7. A data migration device, characterized in that, include: The first determining unit determines the OSS in the distributed storage service collection whose capacity utilization rate is greater than a first threshold as the first OSS, wherein the capacity utilization rate is the ratio between the occupied storage capacity of the OSS and the total storage capacity, and the OSS is used to provide data read and write services for at least one client. The acquisition unit acquires the first capacity utilization rate of the first OSS and the capacity utilization rate difference between the first capacity utilization rate of the first OSS and the second capacity utilization rate of each of at least one second OSS in the distributed storage service set, wherein the second OSS is any other OSS in the distributed storage service set other than the first OSS. The second determining unit, in the case that at least one of the capacity utilization rate differences includes at least one target capacity utilization rate difference greater than or equal to a second threshold, determines the second OSS corresponding to each of the at least one target capacity utilization rate difference as a target OSS; sums up all the target capacity utilization rate differences to obtain a sum of capacity utilization rate differences; determines the ratio of the target capacity utilization rate difference matching the target OSS to the sum of the capacity utilization rate differences as a migration factor matching the target OSS; and multiplies the migration factor matching the target OSS and the influence factor matching the target OSS as a migration coefficient matching the target OSS, wherein the influence factor is used to indicate the frequency with which the target OSS performs migration operations. The migration unit migrates object data stored in the first OSS to at least one storage space corresponding to the target OSS, based on a migration coefficient matched with the target OSS.

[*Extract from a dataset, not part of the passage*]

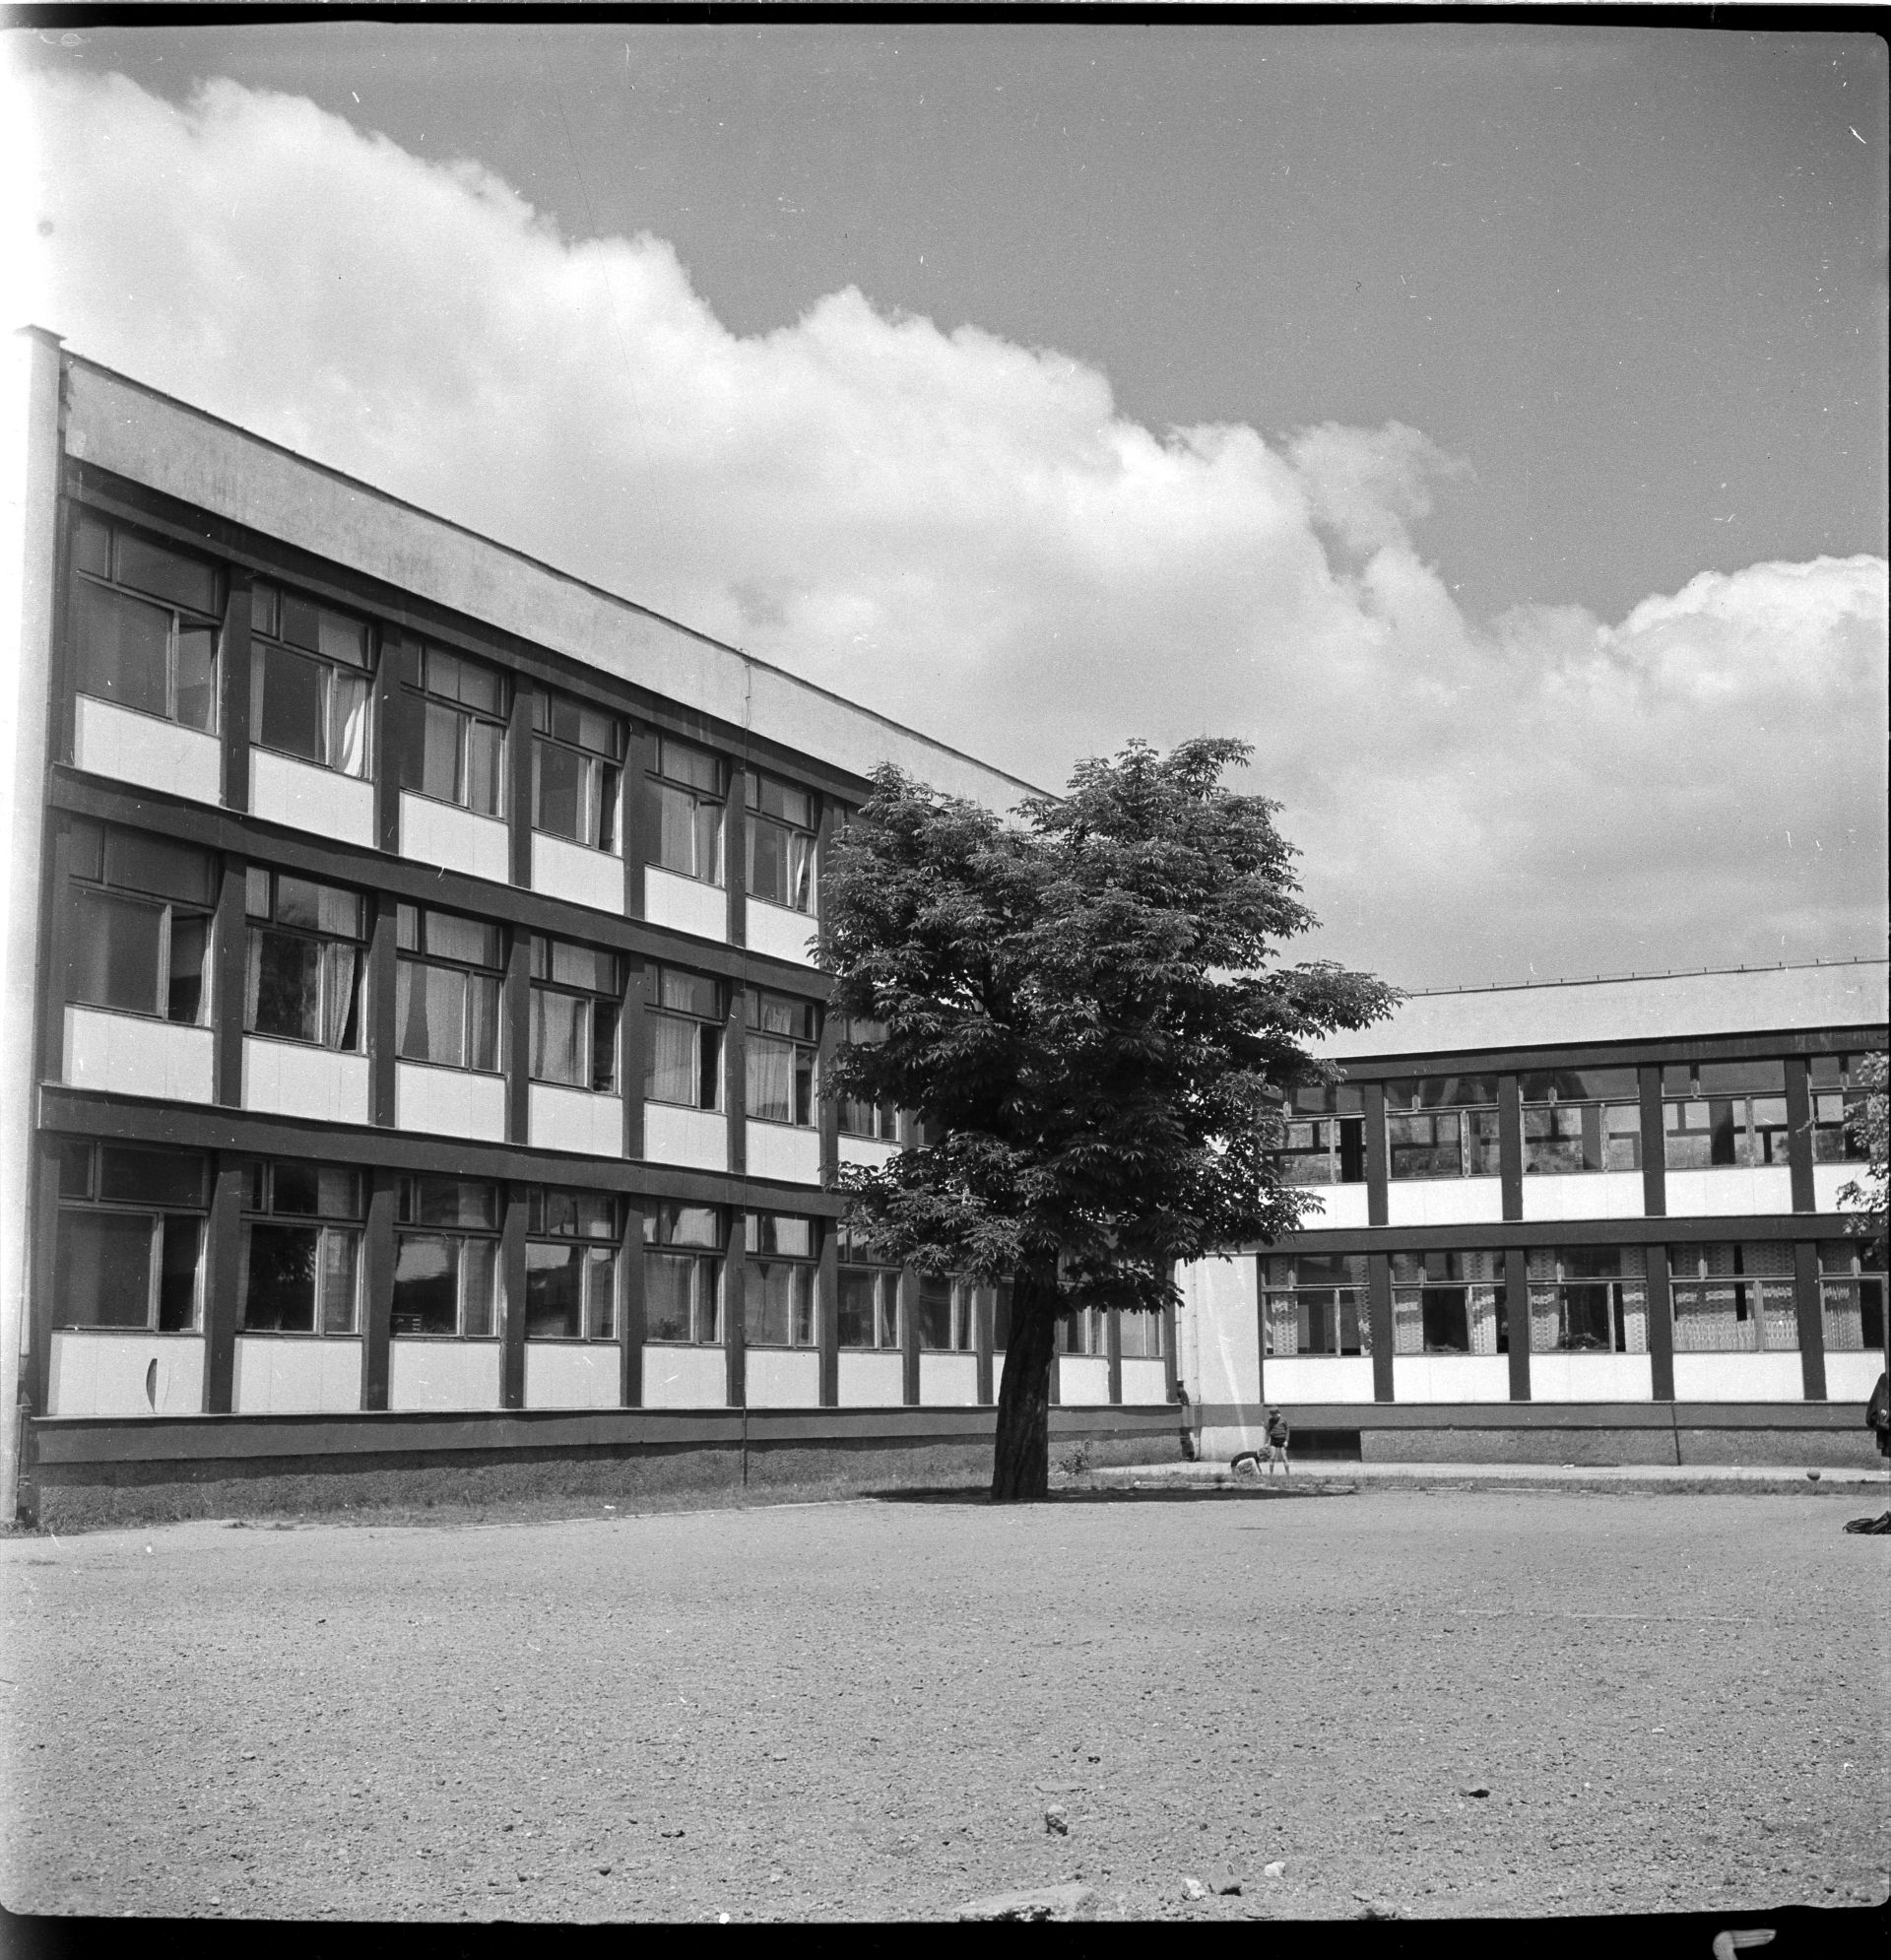 Szkoła Podstawowa nr 71 przy Podwalu, projekt 1955-56, realizacja 1958-60, fot. Tomasz Olszewski, Muzeum Architektury

8. A computer-readable storage medium, characterized in that, The computer-readable storage medium stores a computer program, wherein the computer program, when executed by a processor, implements the steps of the method described in any one of claims 1 to 6.
9. An electronic device comprising a memory, a processor, and a computer program stored in the memory and executable on the processor, characterized in that, When the processor executes the computer program, it implements the steps of the method described in any one of claims 1 to 6.
10. A computer program product, comprising a computer program, characterized in that, When the computer program is executed by a processor, it implements the steps of the method described in any one of claims 1 to 6.